Can't you fill the translation part of the matrix directly. is you roation matrix orthogonal, can you transform and render a mesh with it to see if it looks right.
Also, are you sure vec3 normal = vec3 (portalPlane) returns normalized normal, because you use it later on normal *(-portalPlane.w)

[quasar3d]

I'm not that familiar with glm, but I just took a quick look at the source, and it seems that the mat4 constructor takes its parameters in column major order, so the matrix you create is in fact the transpose of the matrix you want.

[Vexator]

thank you! i adopted your corrections:

const vec3 v1 = portal->getVertex(0);
const vec3 v2 = portal->getVertex(1);
const vec3 v3 = portal->getVertex(2);

const vec4 portalPlane = computePlane( v1, v2, v3 );

// FIX: normalize normal
vec3 normal = glm::normalize( vec3(portalPlane) );

vec3 up( 0, 1, 0 );

vec3 f( glm::normalize(normal) );
vec3 s( glm::normalize(glm::cross(f, up)) );

vec3 u( glm::normalize(glm::cross(s, f)) );

mat4 planeMatrix(
	s[0], 	u[0], 	-f[0], 	0.0,
	s[1], 	u[1], 	-f[1], 	0.0,
	s[2], 	u[2], 	-f[2], 	0.0,
	0.0f, 	0.0f, 	0.0f,      1.0f);

vec3 v( normal*(-portalPlane.w) );

for (unsigned i = 0; i < 3; ++i)
{
	double tmp = v[i];

	if (tmp == 0)
		continue;

	planeMatrix[3][0] += tmp*planeMatrix[i][0];
	planeMatrix[3][1] += tmp*planeMatrix[i][1];
	planeMatrix[3][2] += tmp*planeMatrix[i][2];
	planeMatrix[3][3] += tmp*planeMatrix[i][3];
}

// FIX: transpose matrix
mat4 planeMatrixInverse = glm::inverse( glm::transpose(planeMatrix) );

vector<vec3> newVertices( portal->getVertexCount() );

for( uint i = 0; i < portal->getVertexCount(); i++ )
{
	const vec3 &position = portal->getVertex(i);

	newVertices[i] = vec3( planeMatrixInverse * vec4(position, 1.0f) );
}

portal = shared_ptr<Portal>( new Portal(newVertices) );

now the resulting vertices are aligned on a 2D plane (see z-coordinate). however, they are still not at the origin:

[0]	{x=-0.99051094 y=-1.2763327 z=-4.8927865 }
[1]	{x=-0.99051315 y=1.8201402 z=-4.8927865 }
[2]	{x=0.99051857 y=1.8201412 z=-4.8927865 }
[3]	{x=0.99051929 y=-0.56991905 z=-4.8927870 }
[4]	{x=0.20238473 y=-1.2763321 z=-4.8927870 }

[quasar3d]

The matrix you create is the matrix that maps the xz plane with z = 0 to your original plane (the inverse of the matrix you eventually transform your vertices with).

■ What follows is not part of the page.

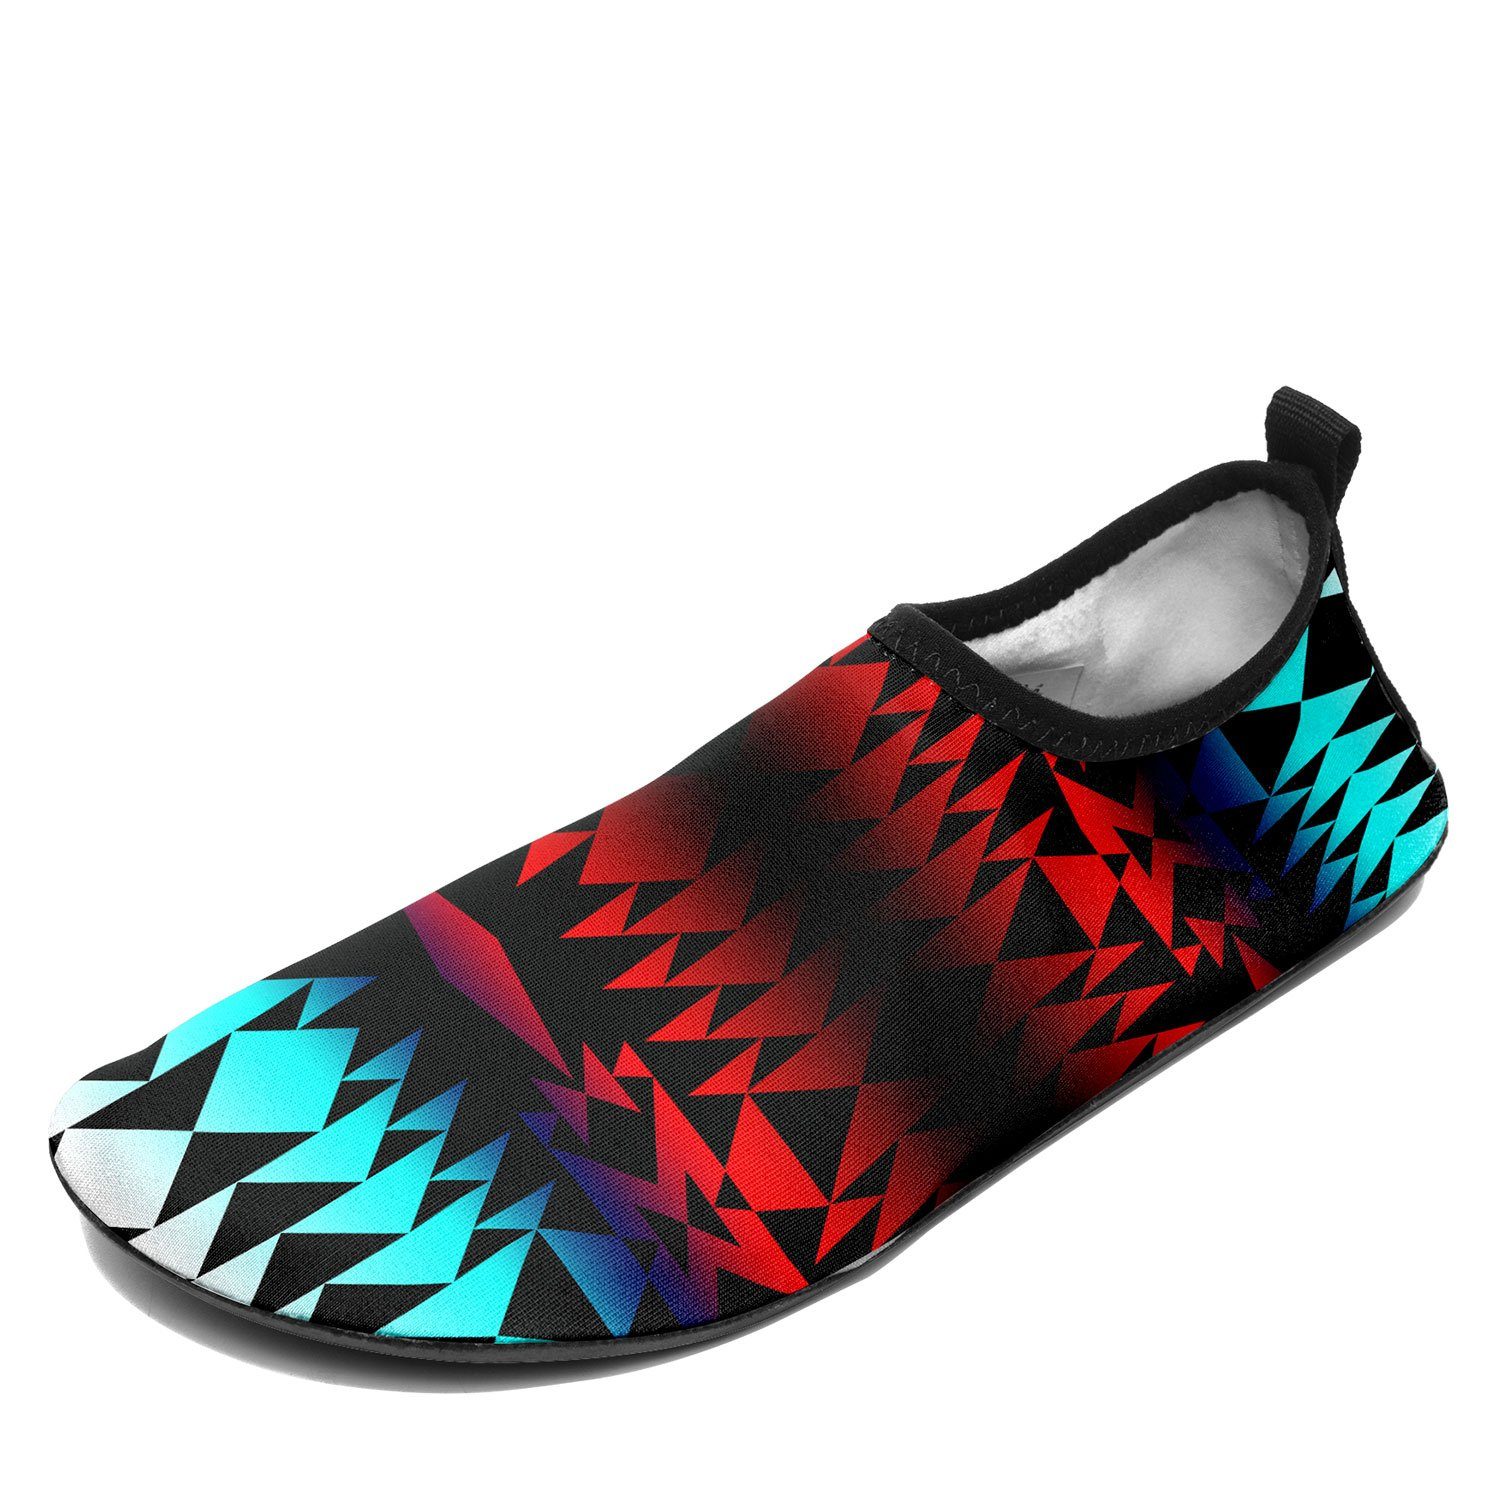 In Between Two Worlds Sockamoccs Slip On Shoes Herman

The rotation part of this matrix yields a plane through the origin, parallel to portalPlane. Then to let it map to portalPlane, you have to shift this plane by -portalPlane.w into the direction of its normal. This means that you can simply set the last column of planeMatrix to normal * -portalPlane.w. There's no need to transform this by the rotation part of your matrix, as you are doing now.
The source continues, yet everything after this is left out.